■ **TASK INSTRUCTIONS**: A faithful copy of all the data is required; pictures should not be included.

'''

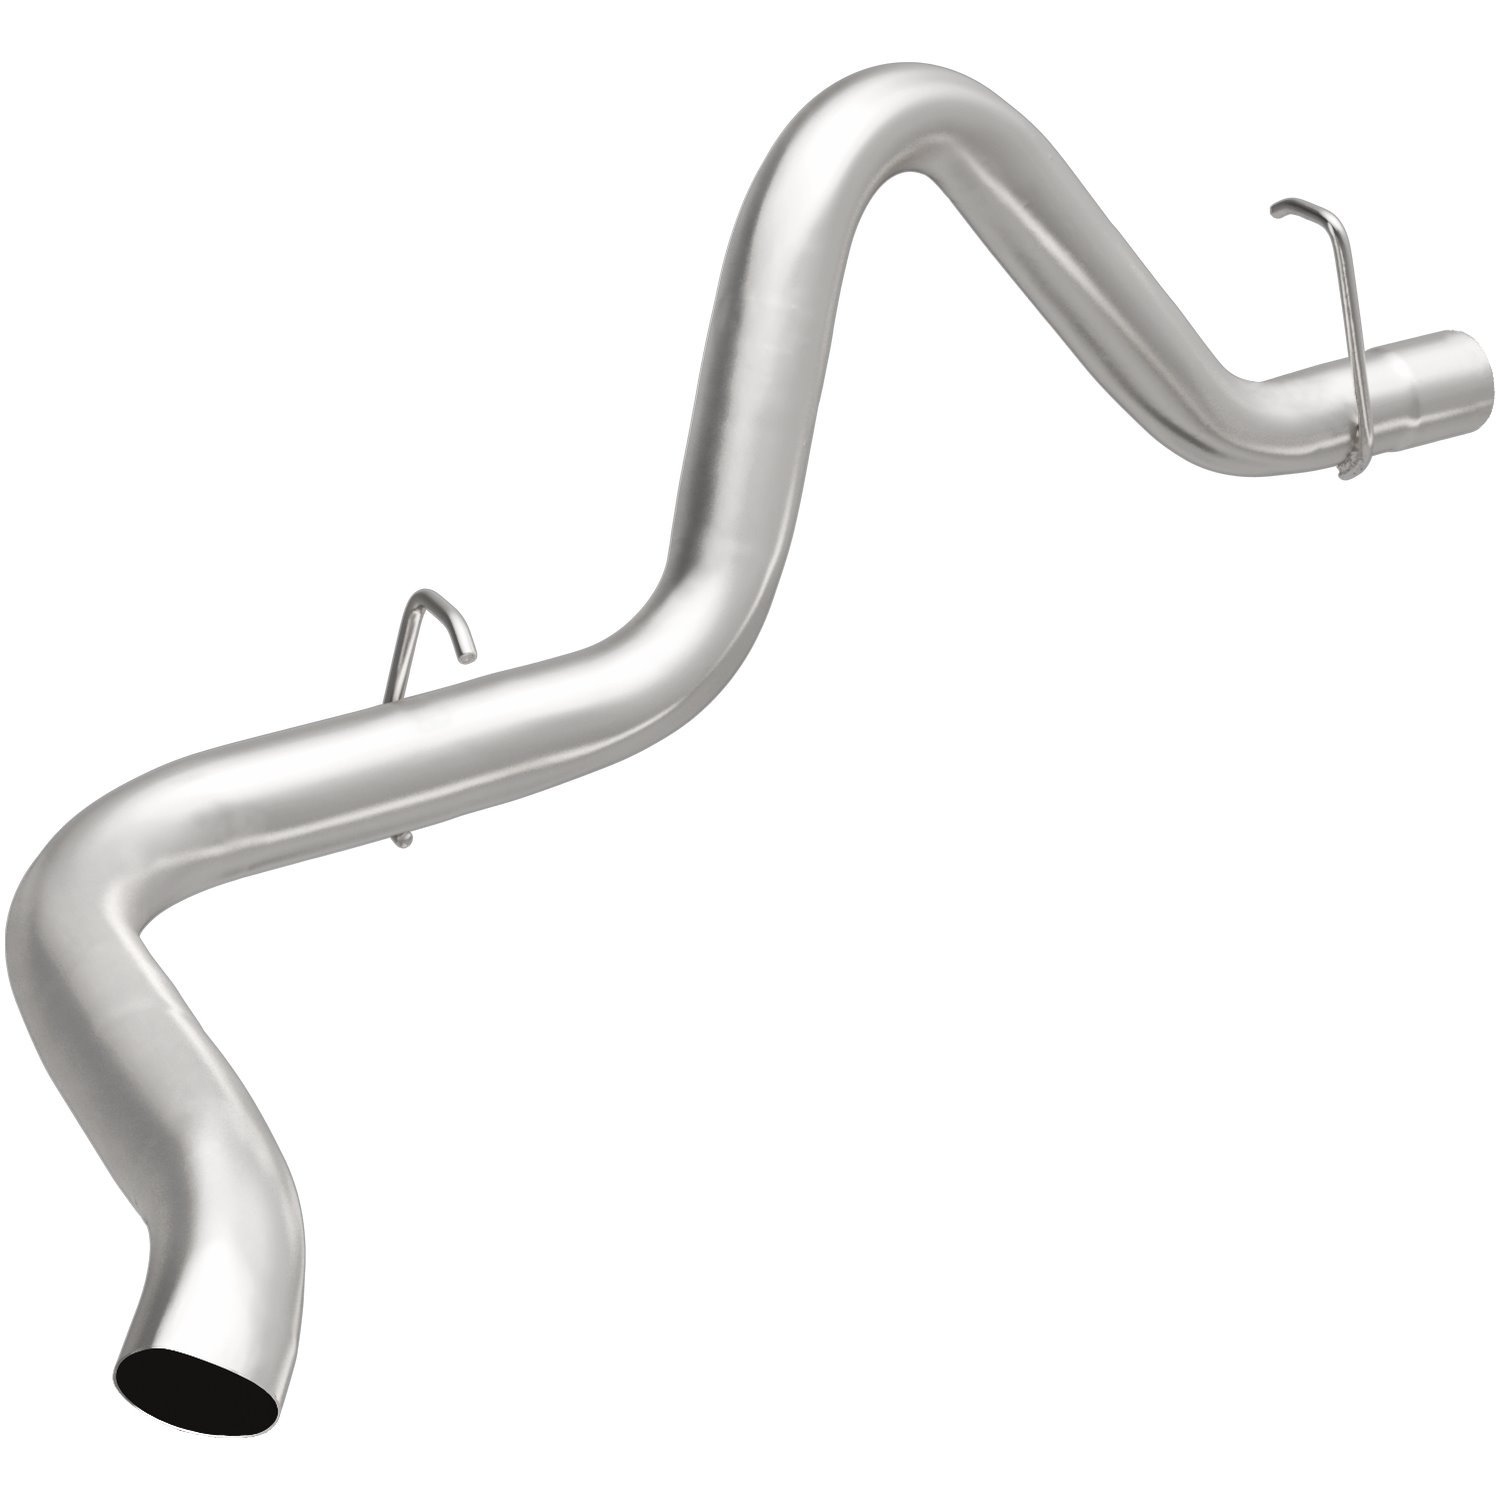 Direct-Fit Exhaust Tail Pipe, 1994-1995 GM C/K 1500/2500, Suburban 5.7L
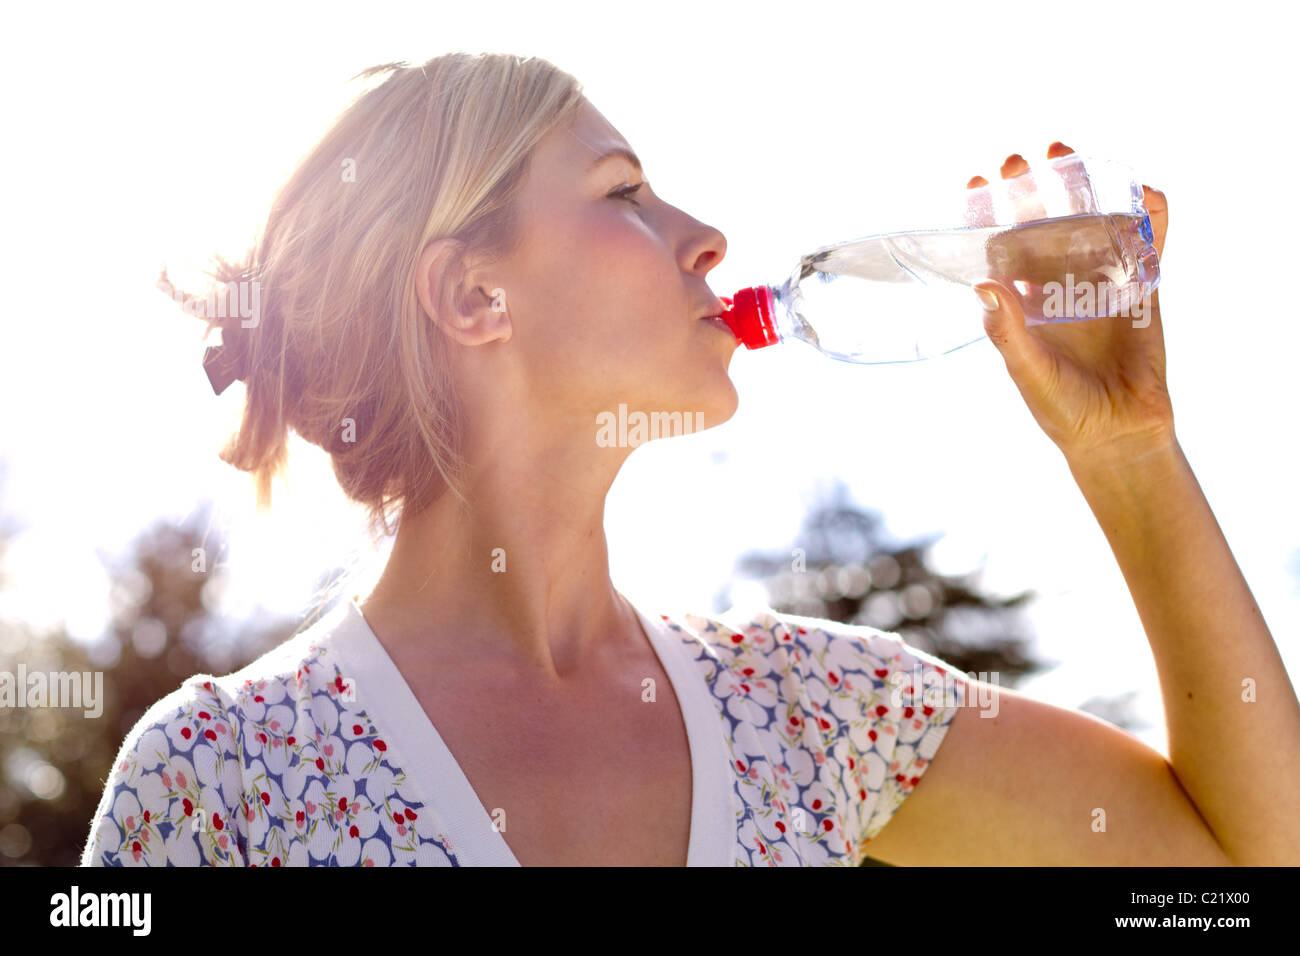 Woman drinking bottled water Stock Photo
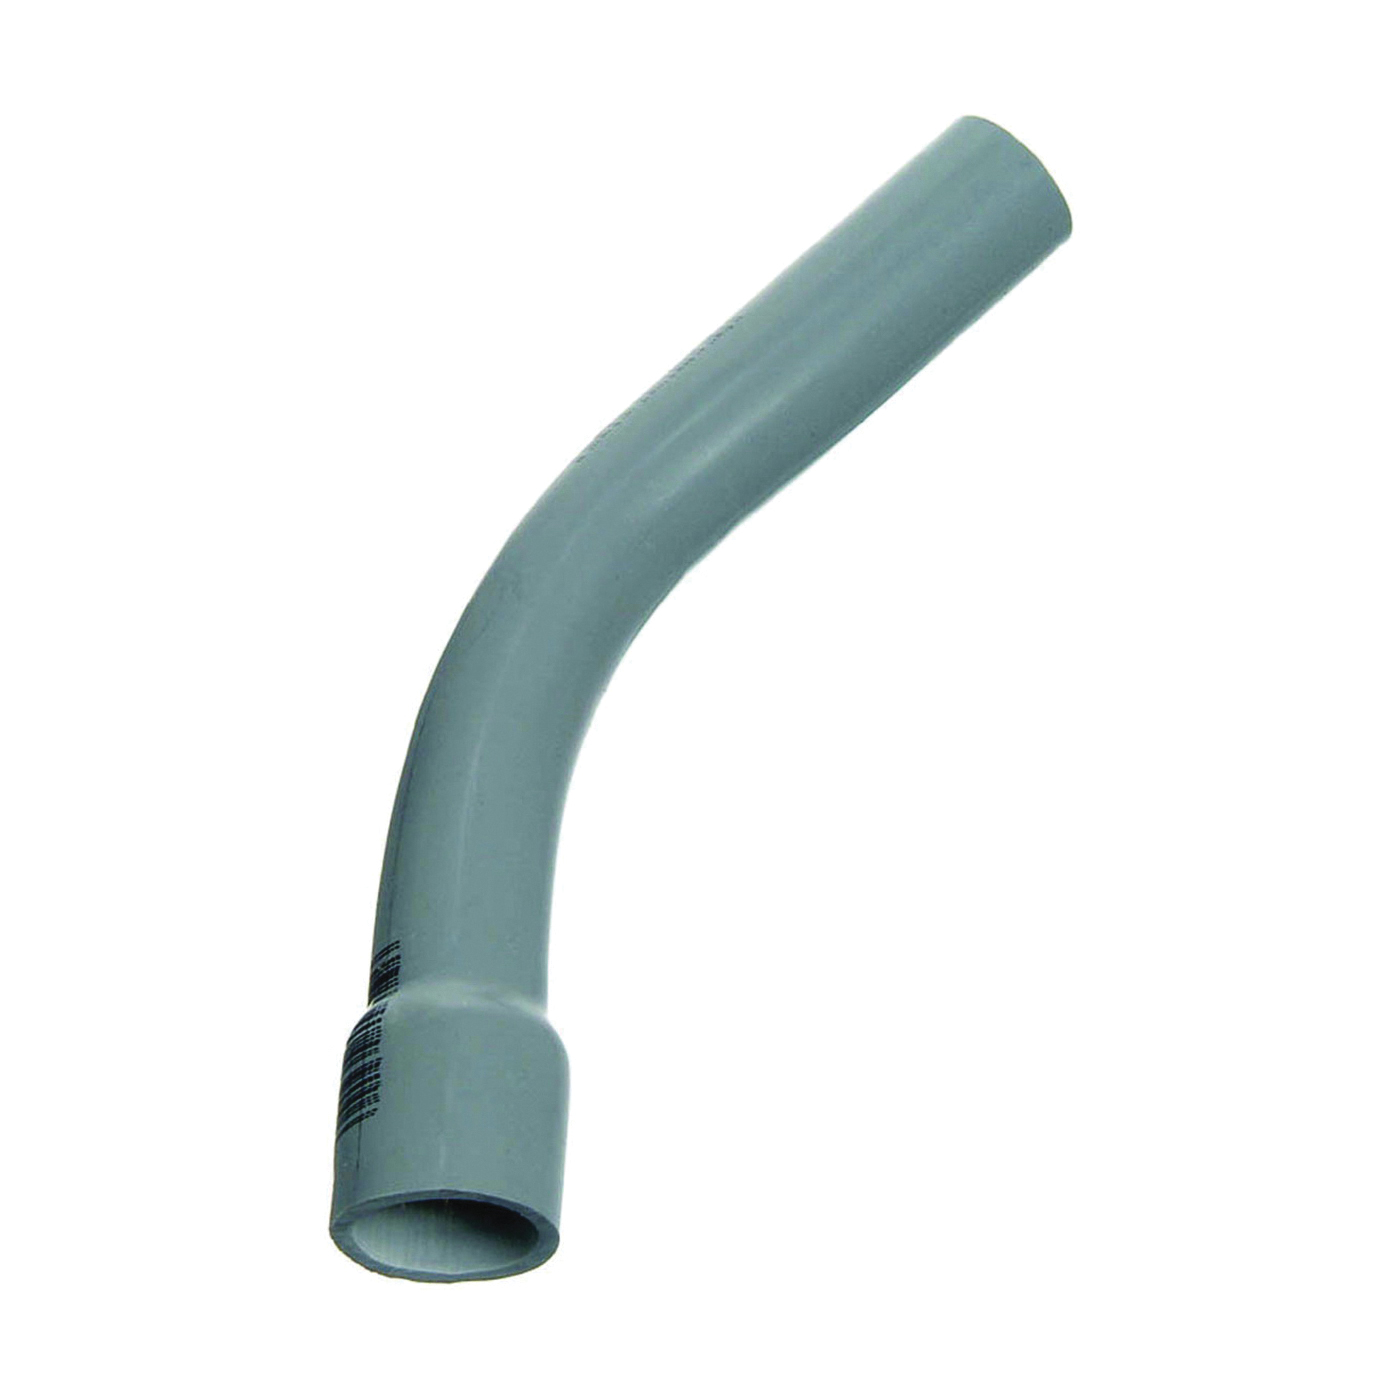 UA7AKB-CAR Elbow, 2-1/2 in Trade Size, 45 deg Angle, SCH 40 Schedule Rating, PVC, Bell End, Gray
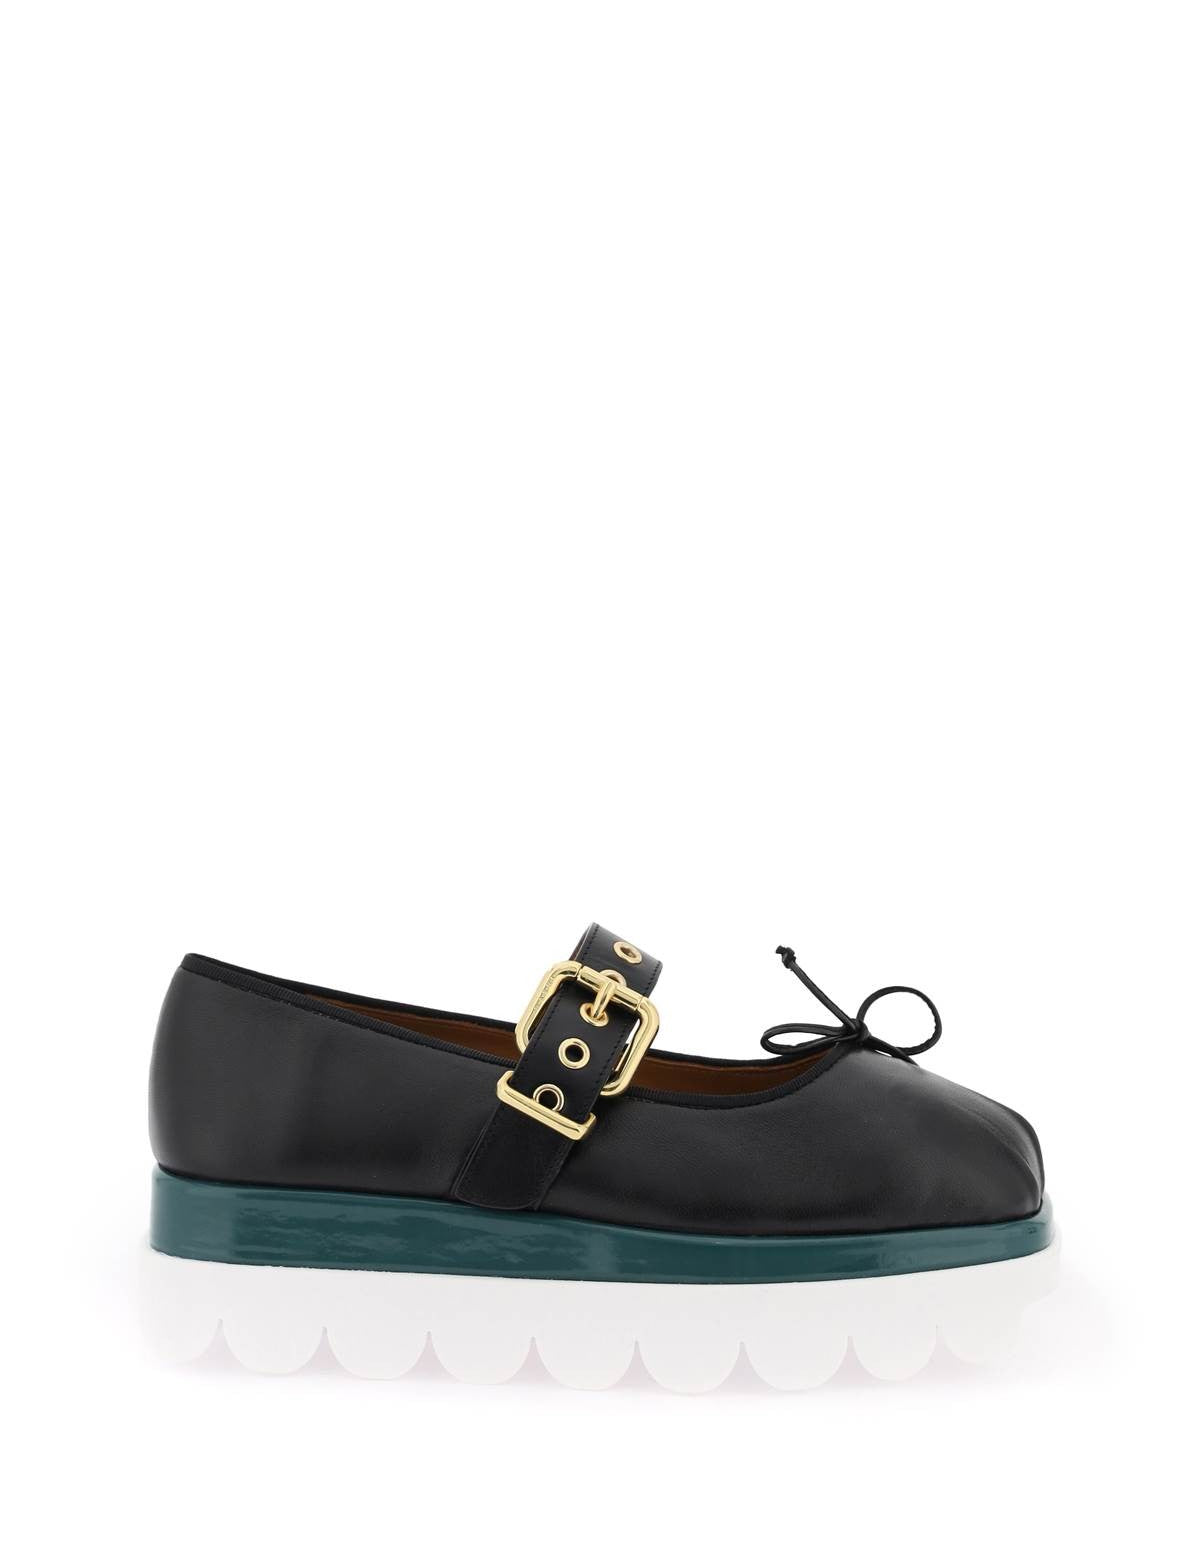 marni-nappa-leather-mary-jane-with-notched-sole.jpg
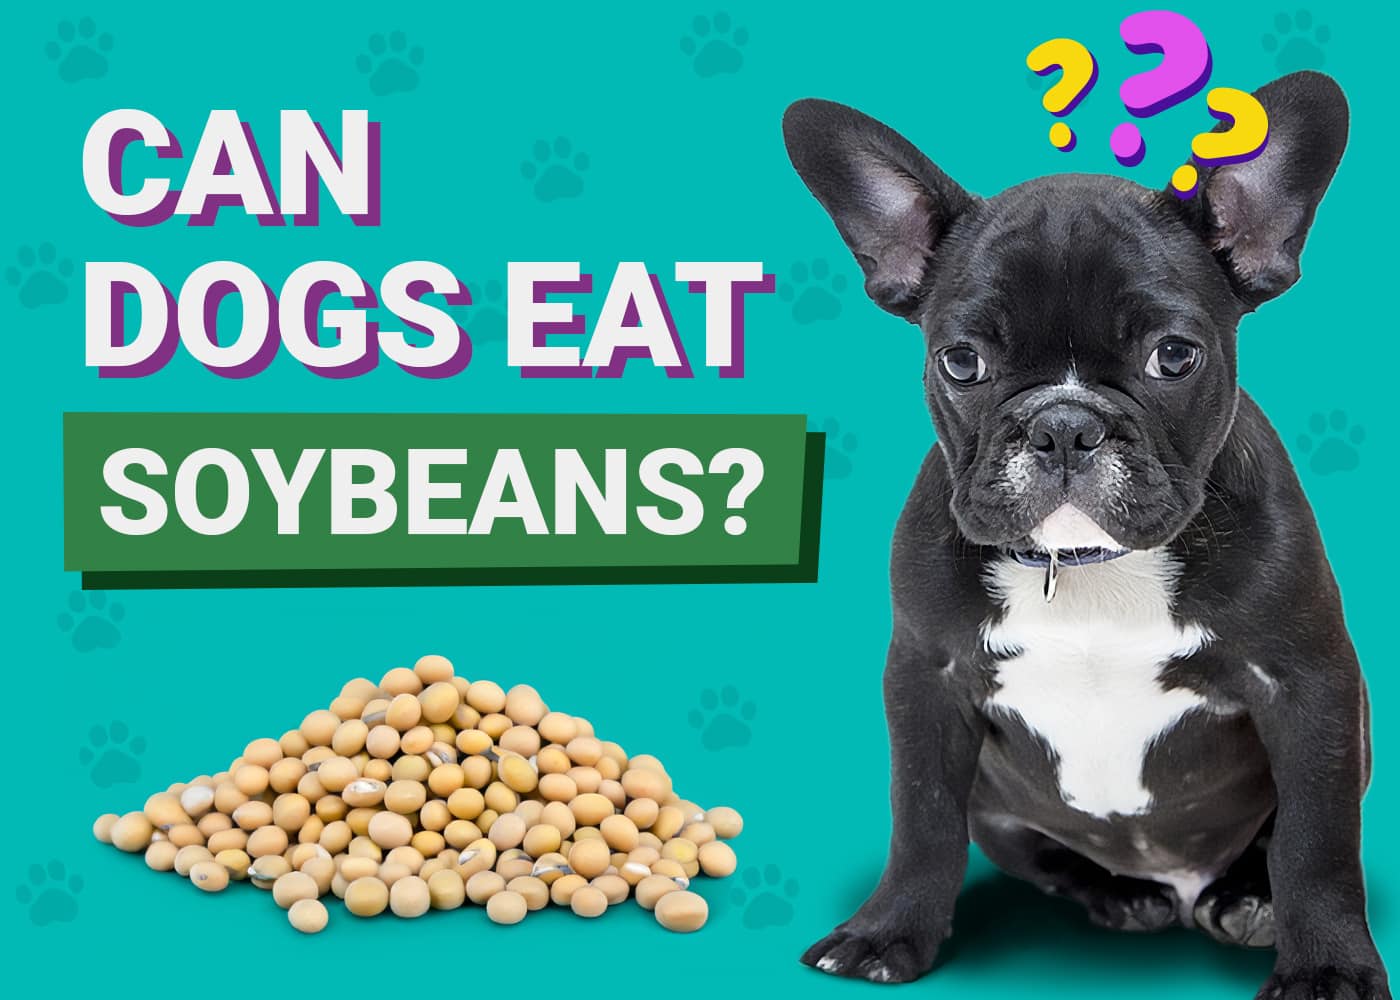 Can Dogs Eat Soybeans

'''

■ **EXERCISE SOLUTION**:
 Direct-Fit Exhaust Tail Pipe, 1994-1995 GM C/K 1500/2500, Suburban 5.7L
 Woman drinking bottled water Stock Photo
 UA7AKB-CAR Elbow, 2-1/2 in Trade Size, 45 deg Angle, SCH 40 Schedule Rating, PVC, Bell End, Gray
 marni-nappa-leather-mary-jane-with-notched-sole.jpg
 Can Dogs Eat Soybeans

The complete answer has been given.